The potential is there for the process to chase the desired outcome until it is achieved rather than to hold firm to rigorous standards.
District 200’s other two “equitable grading practices” already being explored and implemented are equally problem-ridden. “Eliminating zeros from the grade book” means students who do no work, and perhaps never attend class, will still get some points toward a passing grade. Lousy work habits shouldn’t be enabled by high school administrators and teachers.
Then there’s “encouraging and rewarding growth over time.” Sounds good. But if the growth is from zero or 10 percent competency to 40 percent of needed knowledge and skills, that’s not good enough. The student would still need to be held back.
In the world of business, if you fail the test the first time—or simply don’t measure up, you lose the customer. There are no do-overs.
District 200 tries to have it both ways by noting at the slide show’s end that it “will establish a philosophy of grading based on a rigorous, meaningful and evidence-based process.” In fact, that means it will rigorously adhere to an entrenched rubric of Progressive apologetics.
If you have any doubt, consider the words of the district’s director of equity, Patrick Hardy, on Zoom during the board’s January 27 meeting. He praises the administration’s “racializing our work,” and “racialization of assessments” as key to “how do we build equitable assessments?” (Watch from 2:13:17 to 2:13:55, here). Critics of the initial news report say “nothing to see here” and assert the discussion of the proposed revised practices make no mention of race. But here is “the racialization of assessment” being identified by a top district official as what’s already planned.
Remarkably—and still, in 2022—most of an entire race has had its future options sharply narrowed by the systemic racism of low expectations. It’s shameful. Worse, local educators across Illinois who face the same problem have no real plan for change. Too many communities are content to let black academic failure fester while spouting “equity” and “structural racism” bromides as cover. That has to end.
The District 200 story touched a nerve on the Right and on the Left and set off a national bout of digital tribalism. Sadly, without a bracing intervention, the flame wars over race and “racialization”—both covert and overt—in education will only intensify while core subject mastery by black and Hispanic students continues to languish in K-12 public schools.

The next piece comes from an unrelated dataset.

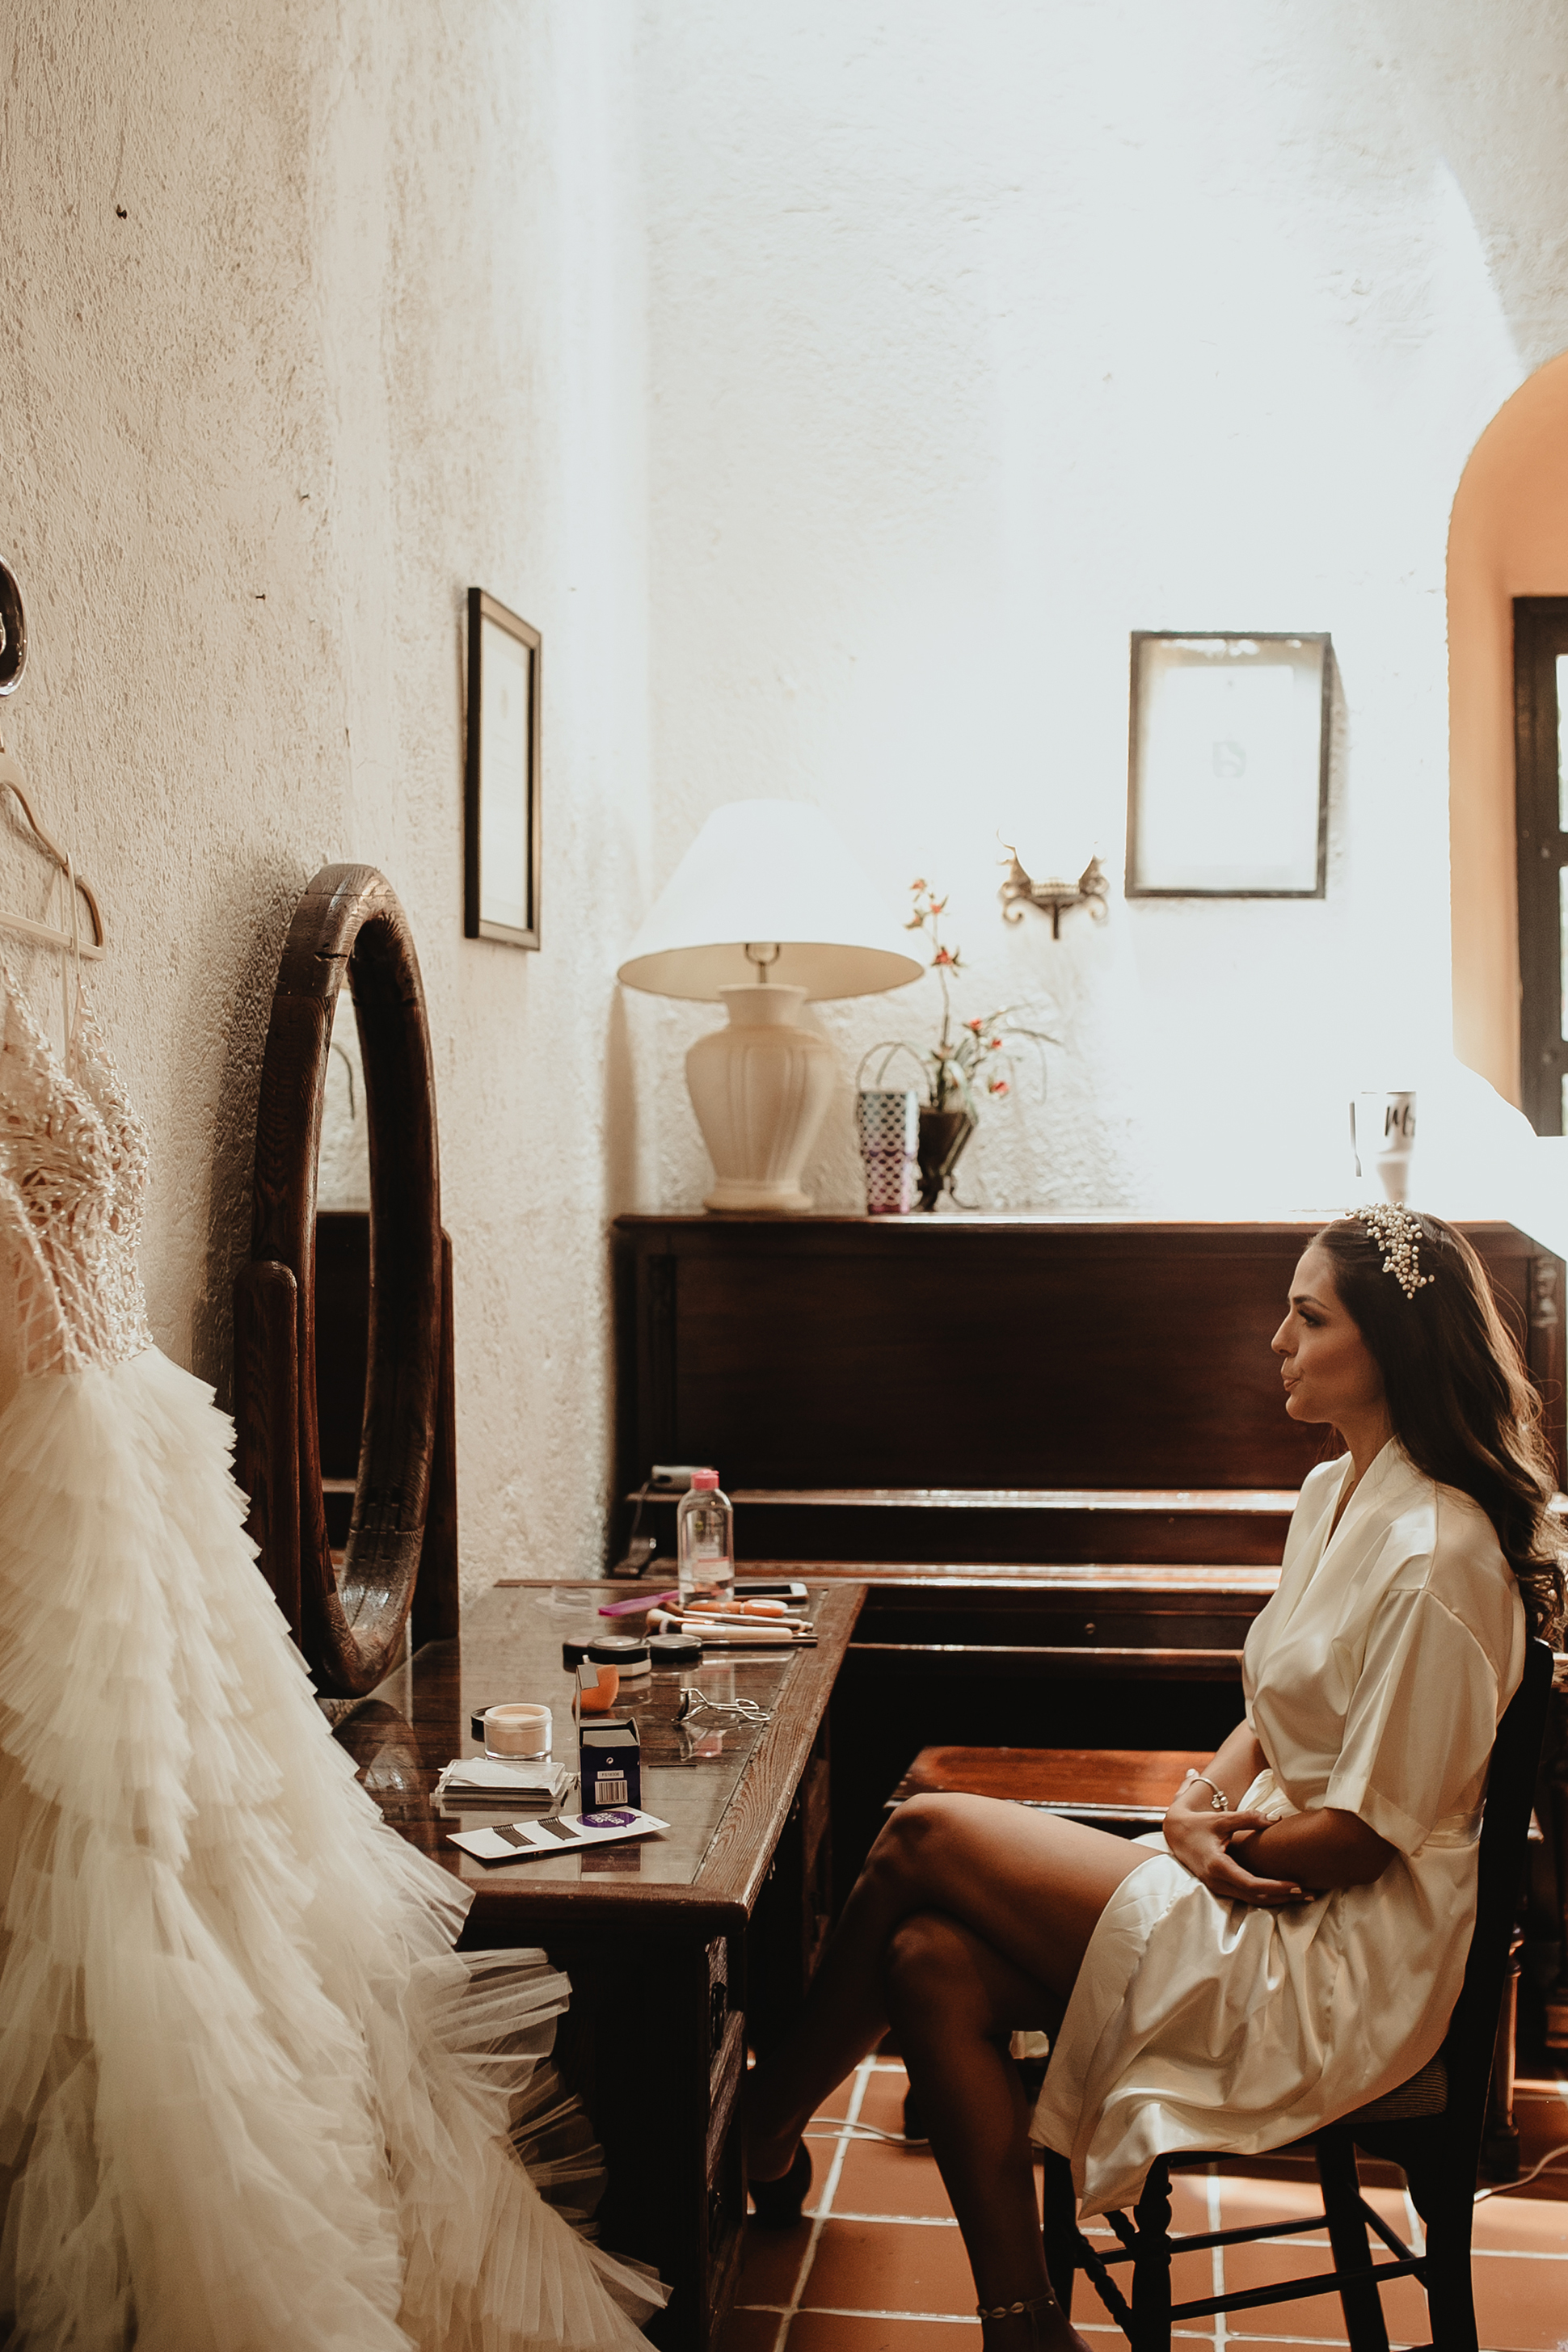 0042R&F__WeddingDestination_Weddingmerida_BodaMexico_FotografoDeBodas_FabrizioSimoneenFotografo.jpg

The problems of District 200 are the problems of K-12 school districts across the state. As a Wirepoints special report last week detailed, black, Hispanic, and often white students fail to meet basic proficiency benchmarks in reading and math from the third through the 11th grades. Yet they’re socially promoted through high school and too often land in remedial English and math courses in college. Meanwhile, in one Illinois public school district after another, more than 9 in 10 teachers earn official rankings of proficient or excellent.
It’s a systemic scam that shortchanges students most in need of rigorous standards and instruction so they can master core academic skills which help unlock adult success.
Editor’s note: A version of this article appeared originally at Wirepoints.
Editor’s note (June 15, 2022): The first two paragraphs of this story have been edited for clarity.